Deal with a partner’s depression. Being in a relationship with a partner suffering from depression can be highly challenging as it can make both partners feel distant, isolated and neglected. Feelings like anger, hopelessness, sadness run high in the relationship as either one or both partners close down emotionally and mentally. However, it doesn’t mean that your relationship is about to end.
If your partner is suffering with depression and it is impacting you negatively, then there are certain ways you can help your partner and make your relationship better.
“Every man has his secret sorrows which the world knows not; and often times we call a man cold when he is only sad.” – Henry Wadsworth Longfellow
Knowing how to deal with your spouse’s depression may just save your marriage.
There’s no question that depression is a beast — both for the person suffering from it, and for spouses and partners. Depression rocks even the healthiest of relationships. It’s like a sieve that filters the information a person processes.
The negatives infiltrate the person’s mind while they weed out the positives. Depressed people view themselves, their relationships, and the world through a lens that is bleak, discouraging and hopeless.

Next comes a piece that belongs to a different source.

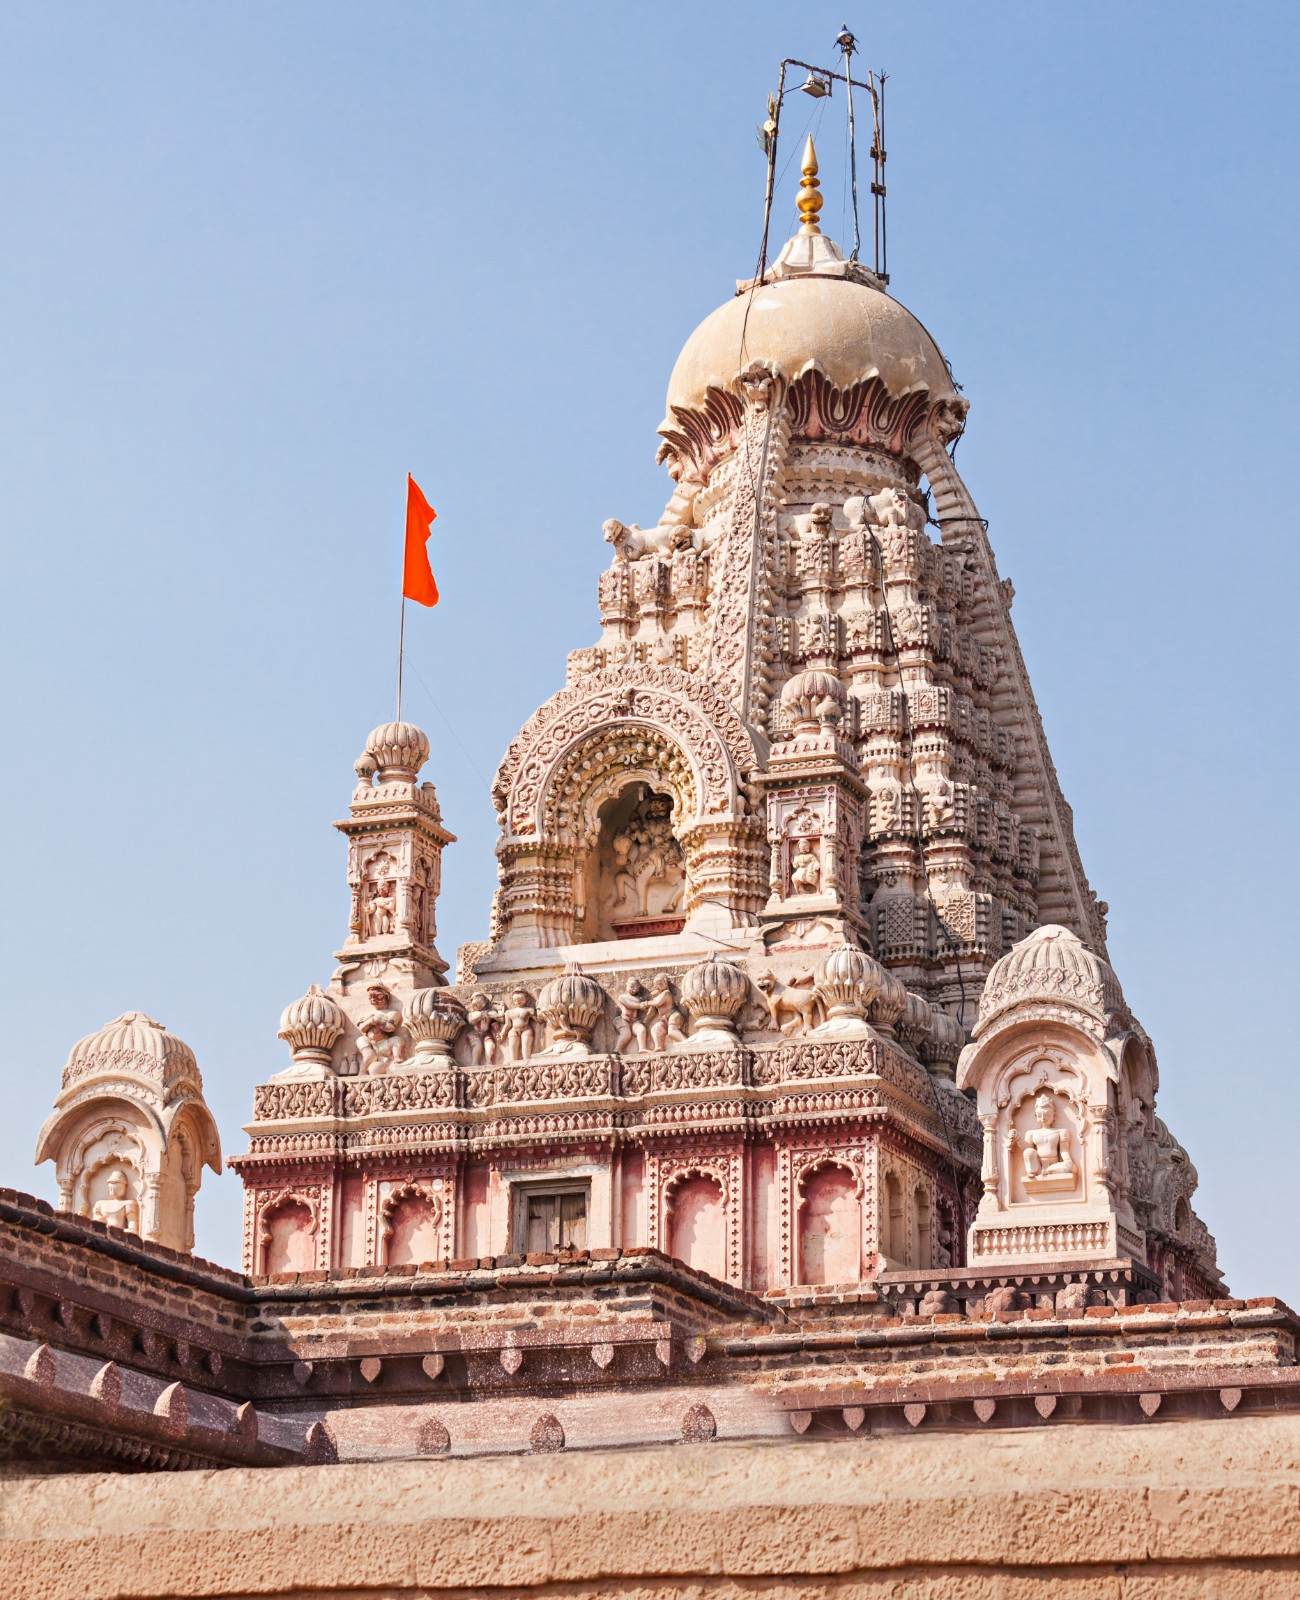 Grishneshwar Temple in Maharashtra
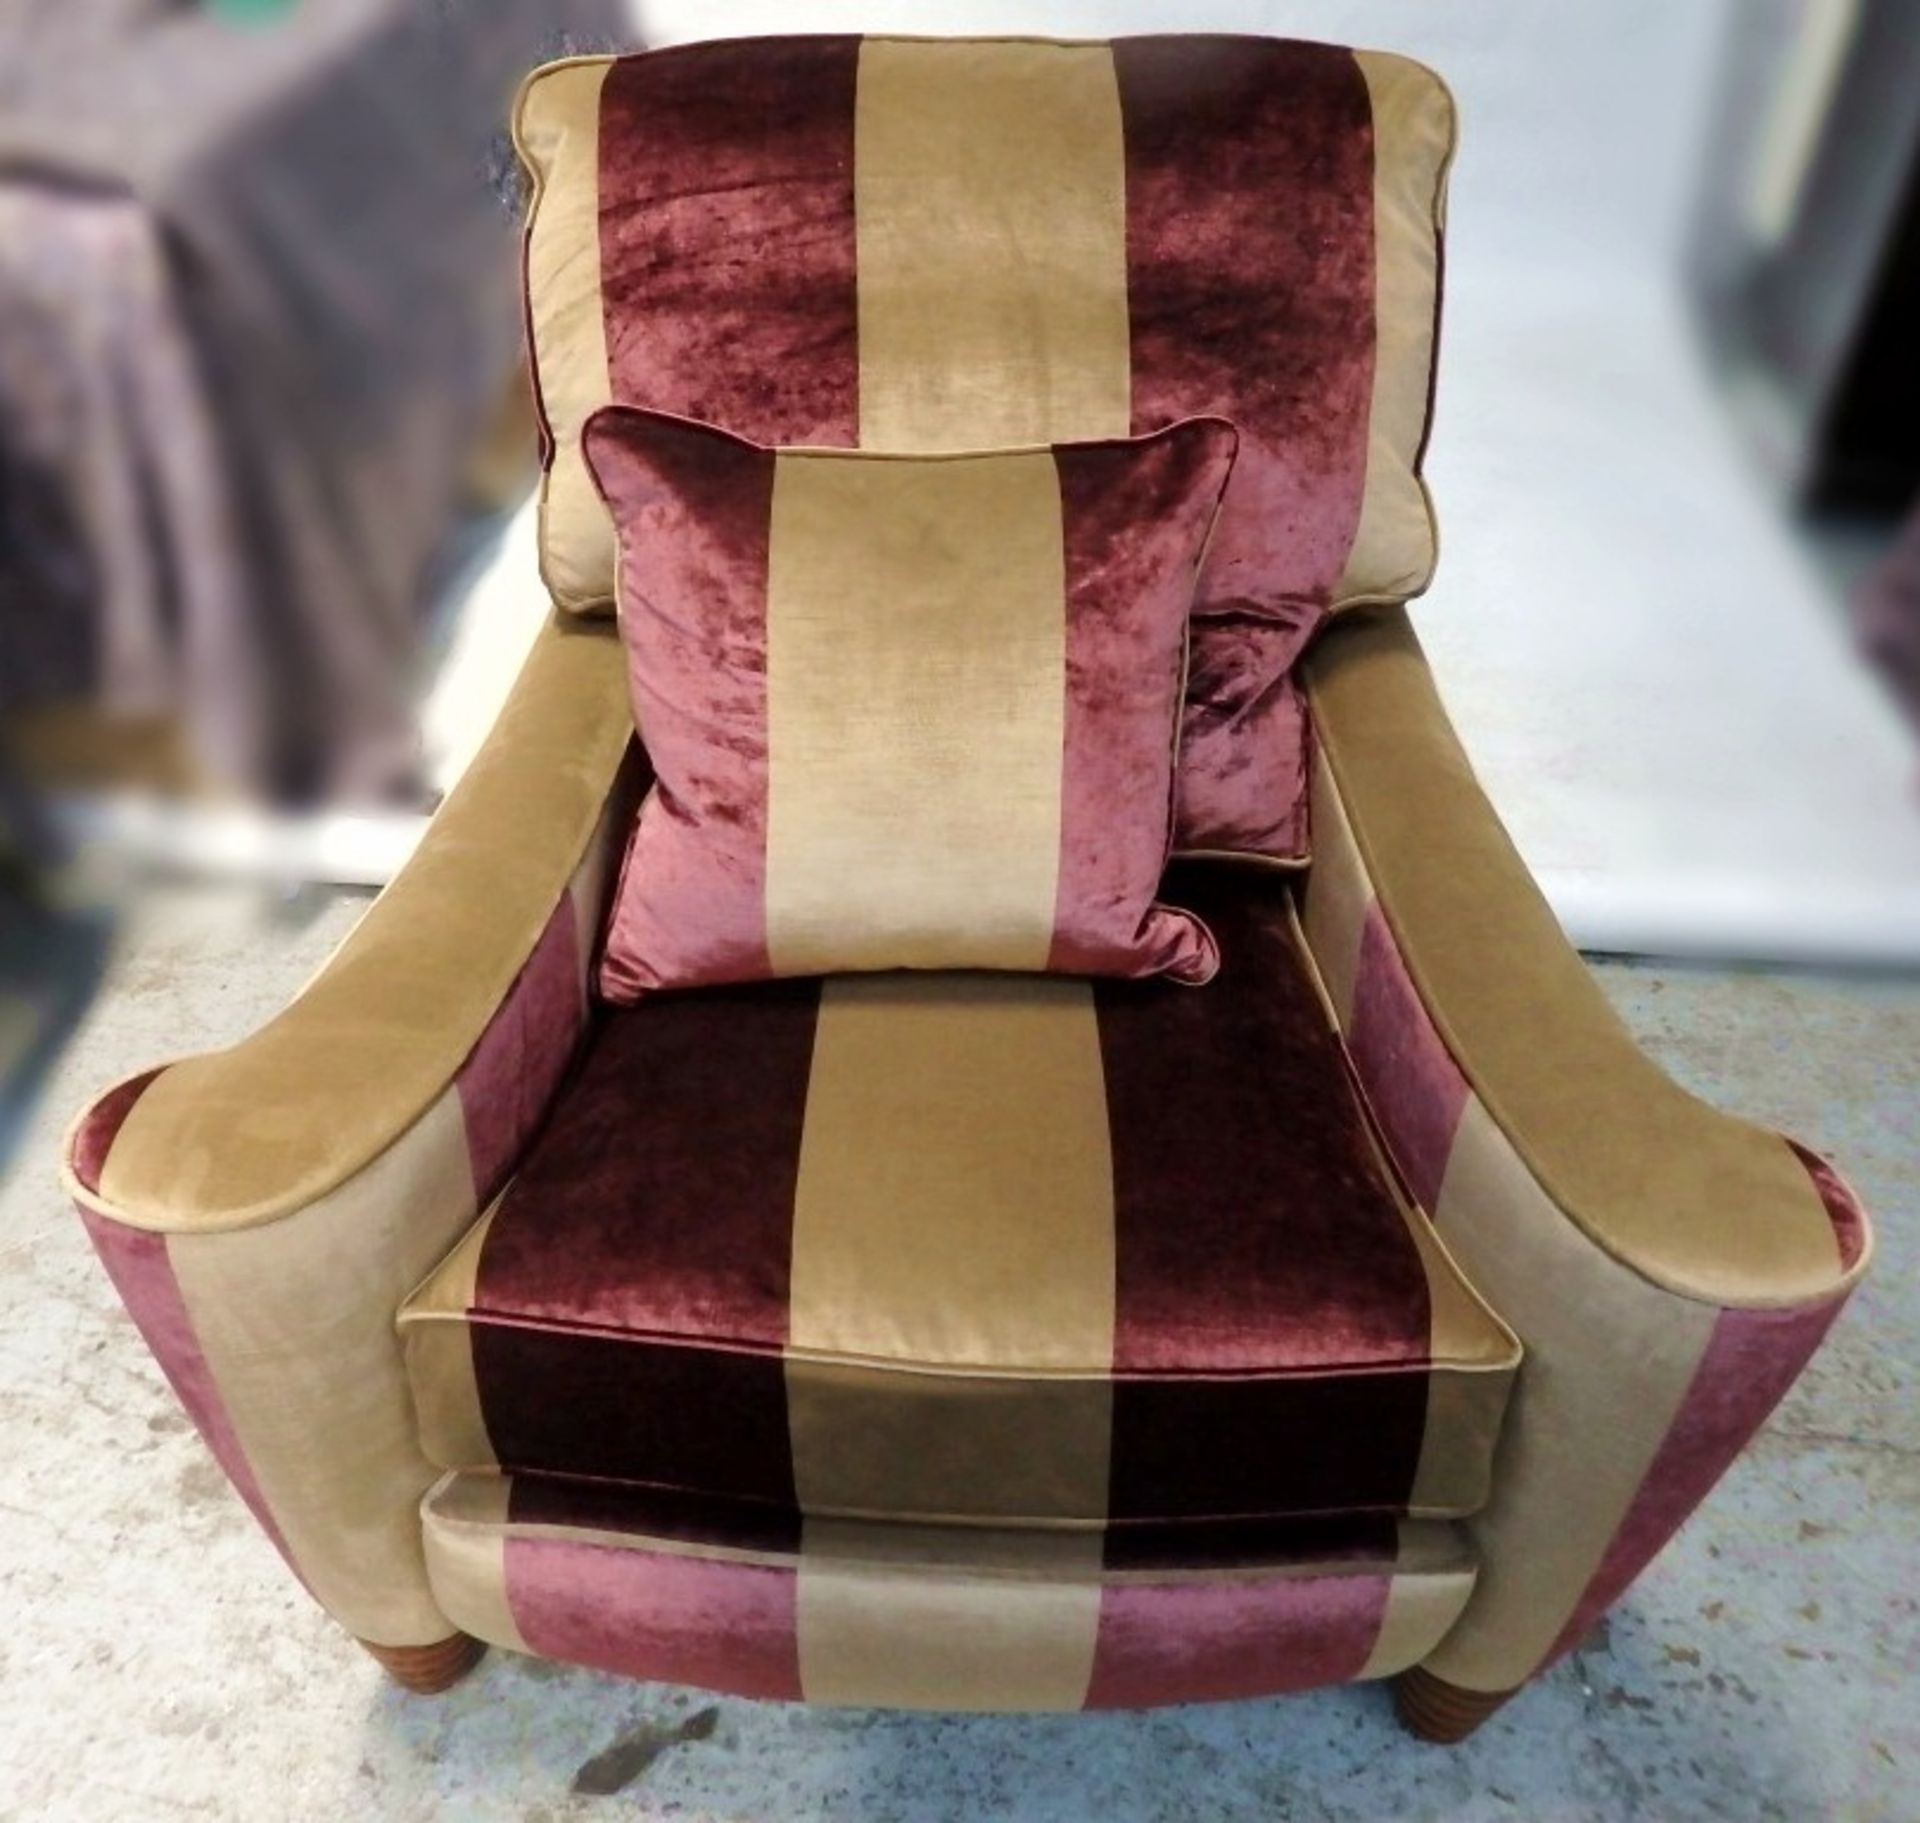 1 x Duresta Premium Designer Striped Chair - CL050 - Ref: JMH011 - W96 x D106 x H96 - Location:

When a spouse is living with or trying to learn how to deal with depression, things are quite trying. Here are some specific ways that depression is affecting your relationship:
- Your spouse views marital interactions through a negative lens. For example, if there’s a disagreement, your spouse might jump to the conclusion that the marriage will end in divorce or that you were being hurtful on purpose.
- Your spouse doesn’t feel like engaging in enjoyable activities that you used to look forward to doing as a couple, such as going out to dinner, seeing friends, or going on walks.
- Your spouse no longer feels like having sex.
- Your spouse has difficulty following through with his or her responsibilities in running the household: doing chores, paying the bills, or driving the children to and from activities.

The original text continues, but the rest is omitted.